Built-in ATC did something unexpected and helpful!

Since we notice and post about so many things that don’t work well, I wanted to bring attention to something that worked better than expected.

As a preface, when I first started using ATC in FS2020, shortly after World Update 6 or 7, I had the built-in ATC do some unusual things, like telling me to ‘expedite your descent’ directly into a long mountain range when the airport was on the other side of it. And when I didn’t listen, ATC would get offended and terminate my radar service. So I was conditioned to expect the occasional illogical insrtruction from ATC that would have to be ignored, and to then proceed without radar service from that point on.

Fast forward to today, in SU16. I was exploring NZ in a small GA twin-engine, under IFR ‘flight following’ conditions, going from New Plymouth to Whanganui. My route was planned at the low sight-seeing altitude of 5000 feet.

Leaving new Plymouth, you get a distant view of North Mount Egmont to the south, a solitary and scenic ‘Lonely Mountain’ style peak rising out of otherwise mostly flat land. I decided to break from my more direct flight plan, and make a detour to loop around the mountain and the Egmont National Park. At 8261 feet, I knew the peak was above my cruising altitude. But my plan was to loop around it, not go over it.

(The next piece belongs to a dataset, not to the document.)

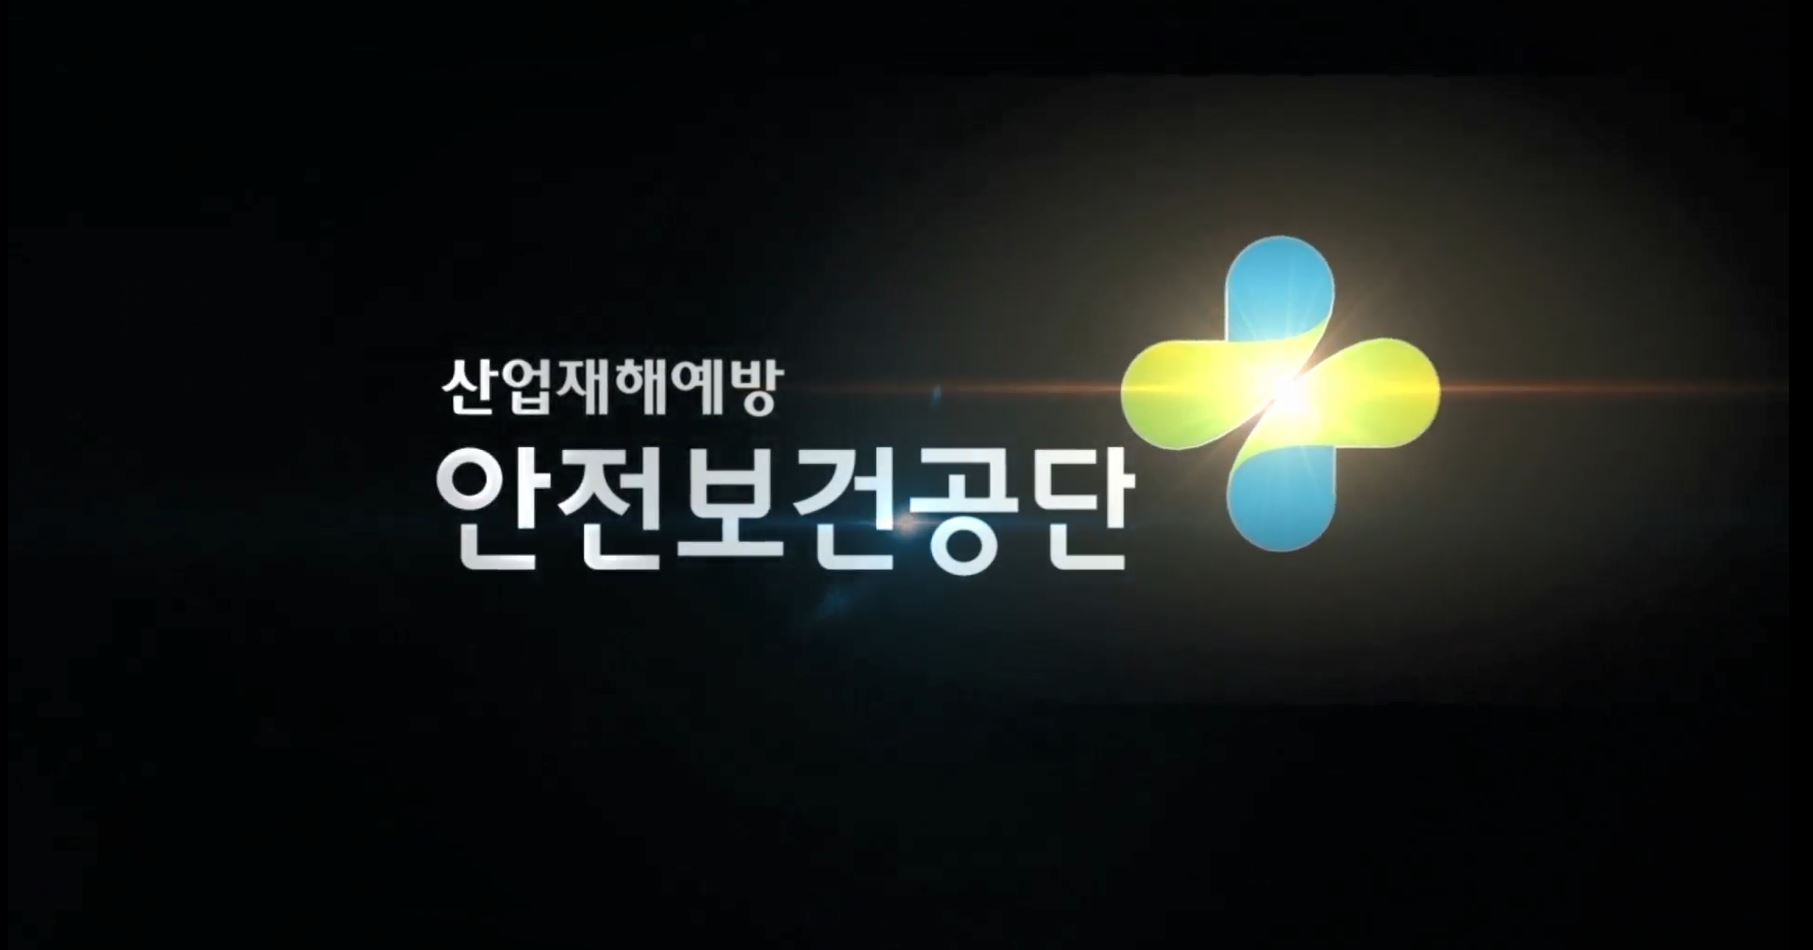 안전보건공단 홍보영상(2019)_국문

So as I get close and begin circling the mountain, I suddenly get a call from ATC saying ‘Flight Nxx, please expedite your climb to 7800 feet’.

It took me a second to recover from my surprise and comply. Here was the default FS2020 ATC engine being intelligent and proactive in providing a more suitable minimum altitude for my position, which was several miles off of my flight plan.

While I’m not sure it’s the ‘official’ minimum altitude for that region considering the actual height of the peak, algorithmically speaking it was a more logical altitude for the ‘foothills’ terrain I was flying over at the time.

As soon as my loop was completed, and I was back over the more flat terrain between the park and Whanganui, ATC returned with an instruction to ‘descend to 5000 feet’ that was logged in my original plan.

So all that to say, it’s nice to see this improvement in action. I’m not sure when this ATC terrain awareness fix was introduced (somewhere between WU7 and SU16) but I’m glad to see that, at least in this scenario, it worked beautifully!